It's no secret that Apple is one of the few hottest companies in the world right now. Their products are praised around the globe, and they are declared as a leader in design and innovation.
So it makes sense that some smart financial folks on Wall Street have Apple pegged to do some serious damage in China, and I think they could dominate. However, I think they must be careful about how they do this, as expanding too fast could be dangerous.
That said, China is a gold mine for Apple; this is true for all companies. The country is developing quickly and dripping with opportunity, and if a brand isn't present in China, its future is certainly questionable (yup, we're talking about Google).
That brings us back to Apple.
There is a distinct correlation between Apple stores and Apple market share. Over the past seven years, Apple has opened over 120 stores, and, with that, their market share grew by several percentage points.
This correlation is even more apparent in Western Europe, where over 30 stores were opened and market share grew from 1.5% to 5% within a few years. While appearing insignificant, these numbers huge in terms of growth — this is why we have Apple constantly breaking new all-time highs on Wall Street.
Good for Europe and America, but how many stores should Apple plan for China? Well, I believe Apple should open 12 additional stores: one for each of China's largest cities to serve as a test of market interest. That would add up to 100,000,000 potential consumers in those 12 cities alone — that is around a third of the entire U.S. population. Apple would then have a pretty decent idea of where to expand next.
It should be noted, however, that Apple already has two stores in China: one in Beijing and one in Shanghai. Furthermore, the company has plans to open 25 stores throughout China within the next two years.
Unfortunately, I think that is a mistake. I would have been much happier if they cut that number in half, and the reason is that there are many uncertainties about the Chinese and American economies (both of which rely on each other so heavily). The threat of an economic failure is still apparent, and political struggles are growing in both countries as well.

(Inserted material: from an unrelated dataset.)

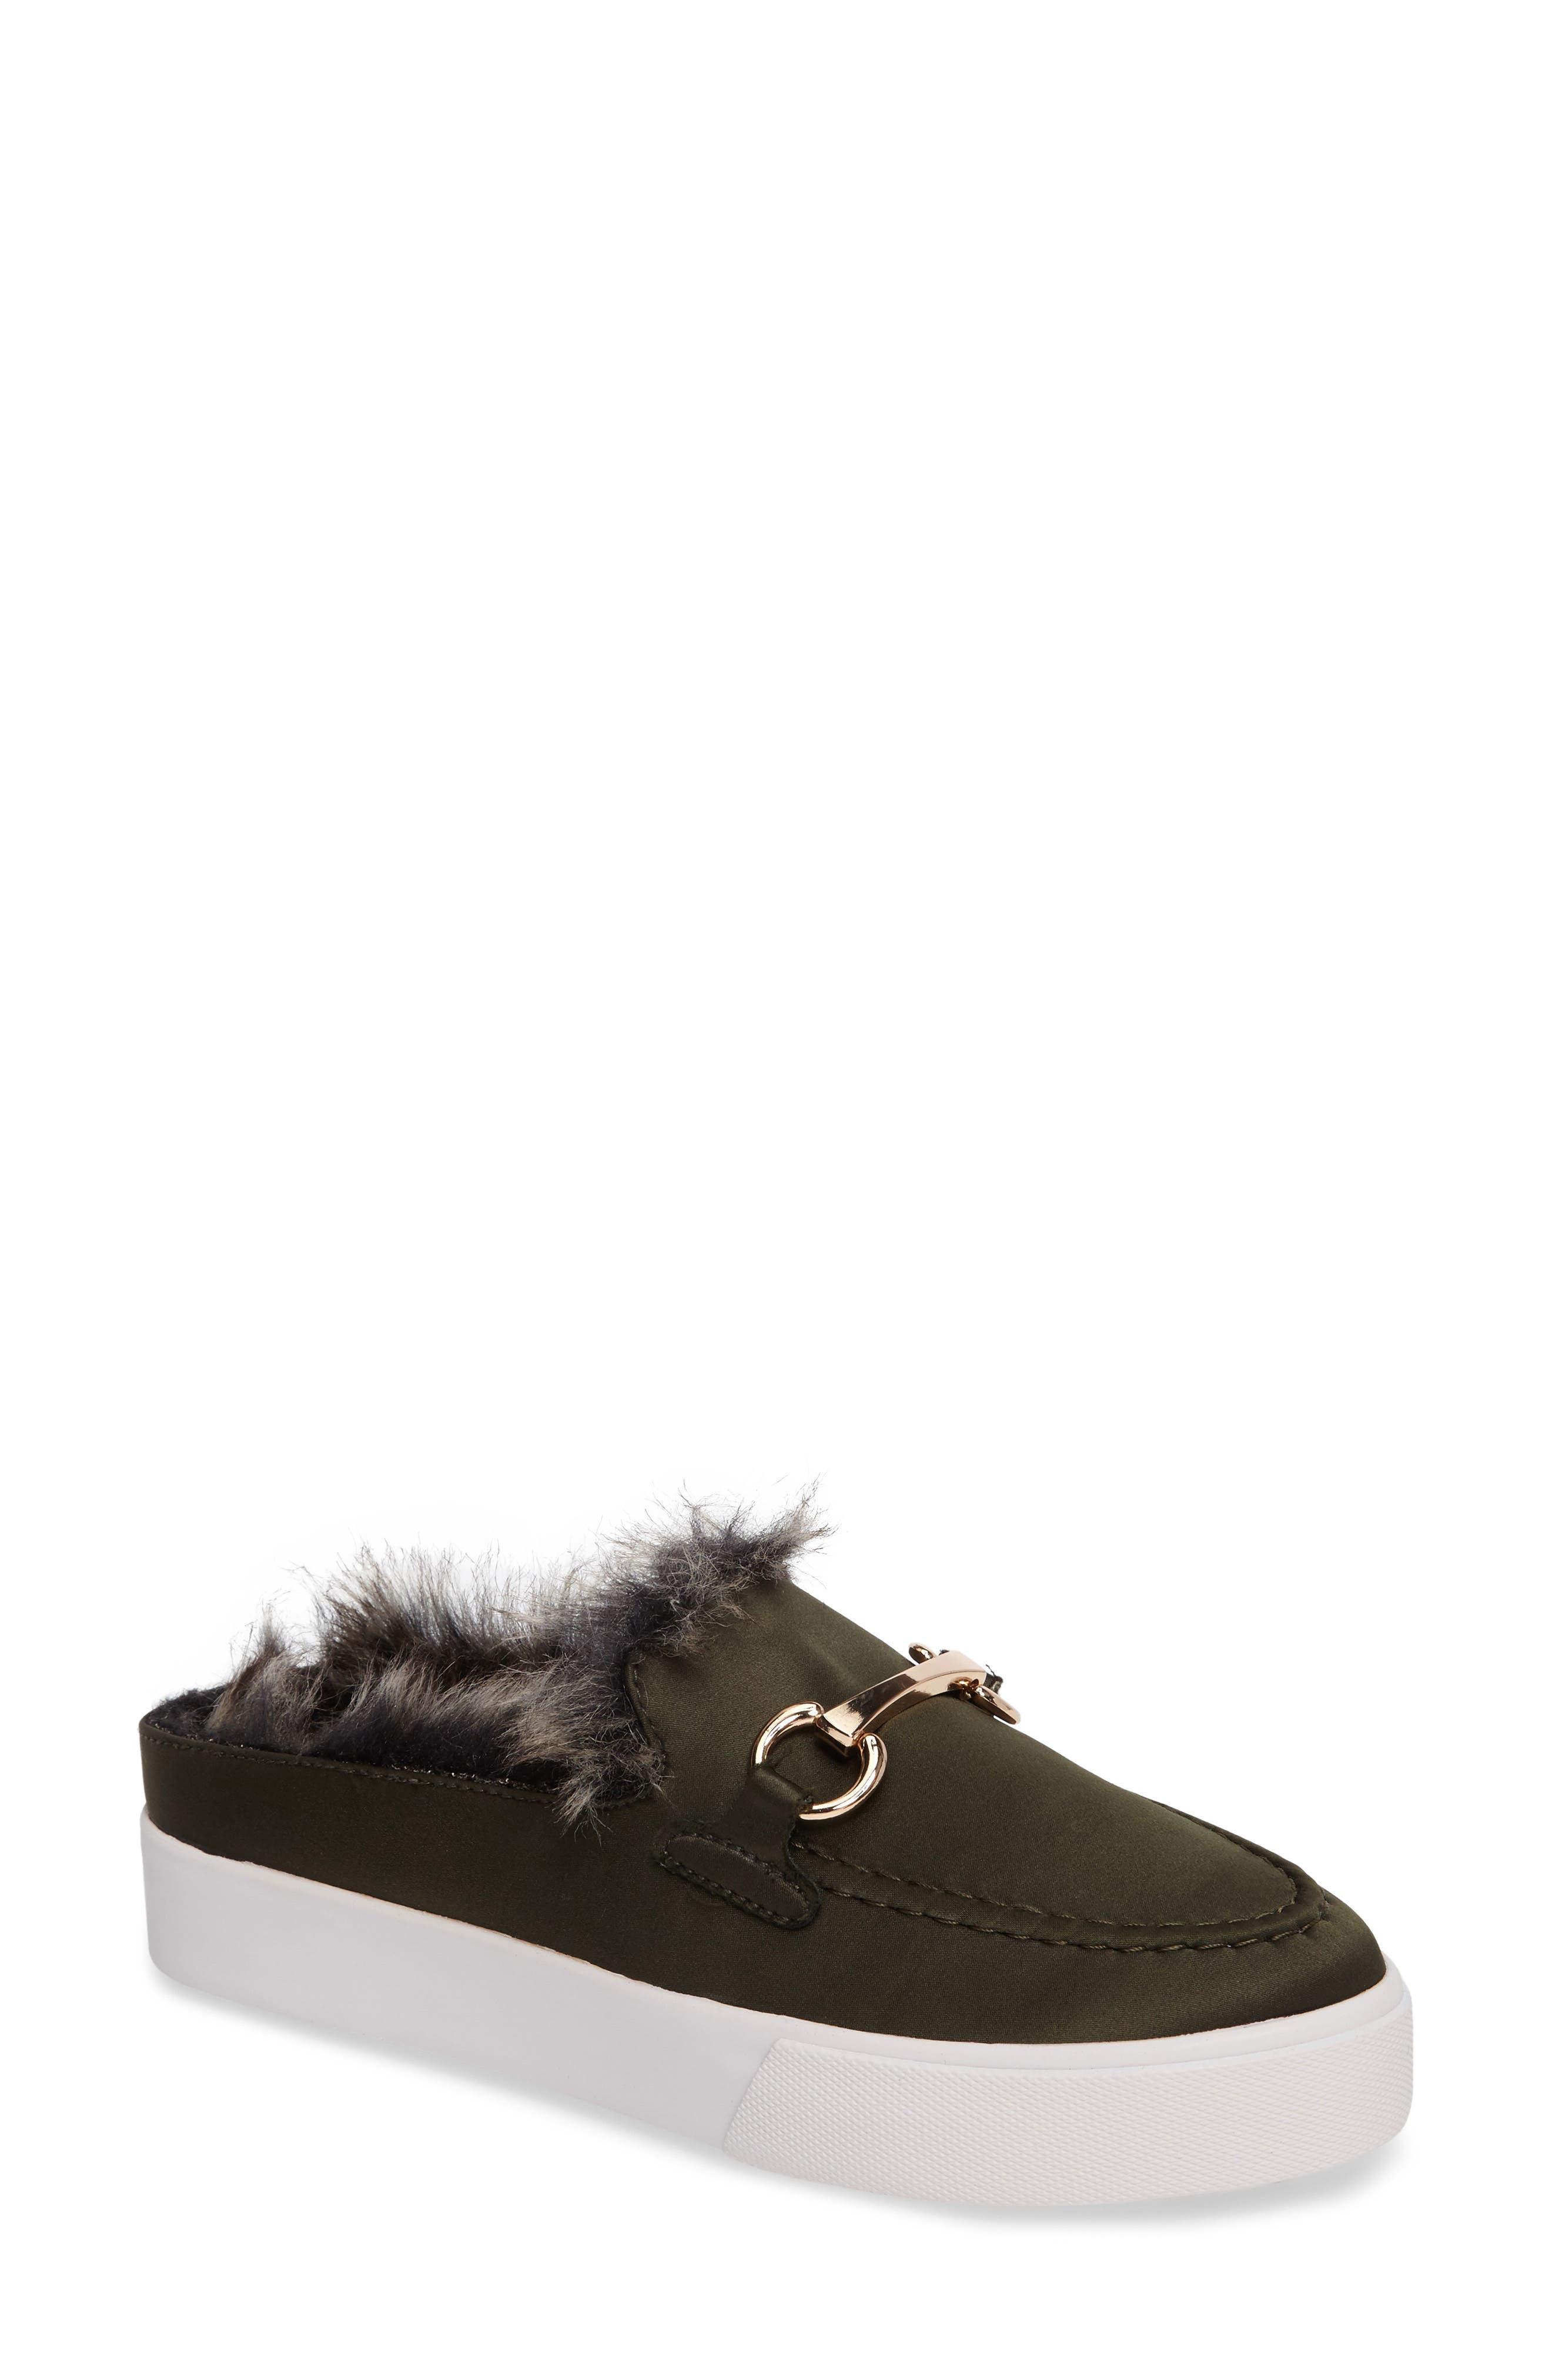 Tico Faux Fur Sneaker Mule,                         Main,                         color, Olive Satin-Gold-Grey

With that in mind, if Apple turns out to be a hit, it could have a dramatic impact on the competition.
For example, Microsoft is already heavily embedded in China, yet Microsoft operates at a loss with in the country. The reasoning for this is that Microsoft has been unable to adapt to Chinese consumer and enterprise behavior.
Apple, on the other hand, is a much smaller company with a more distinct focus — consumer electronics, mobile, and computer technology — and with those specific niches, Apple can better target their products for Chinese consumption. This could allow Apple to build up in China slowly, and eventually expand with better a much better understanding of Chinese culture.
Either way, Apple has a golden opportunity here. China is the market that every company in the world wants to be invested in, and I think it is time for Apple to make its presence felt. That said, Apple should tread lightly at first, as the Chinese market is a tricky place — American companies are struggling to adjust. But if Apple properly adapts, it could make the Apple investors very happy and very rich.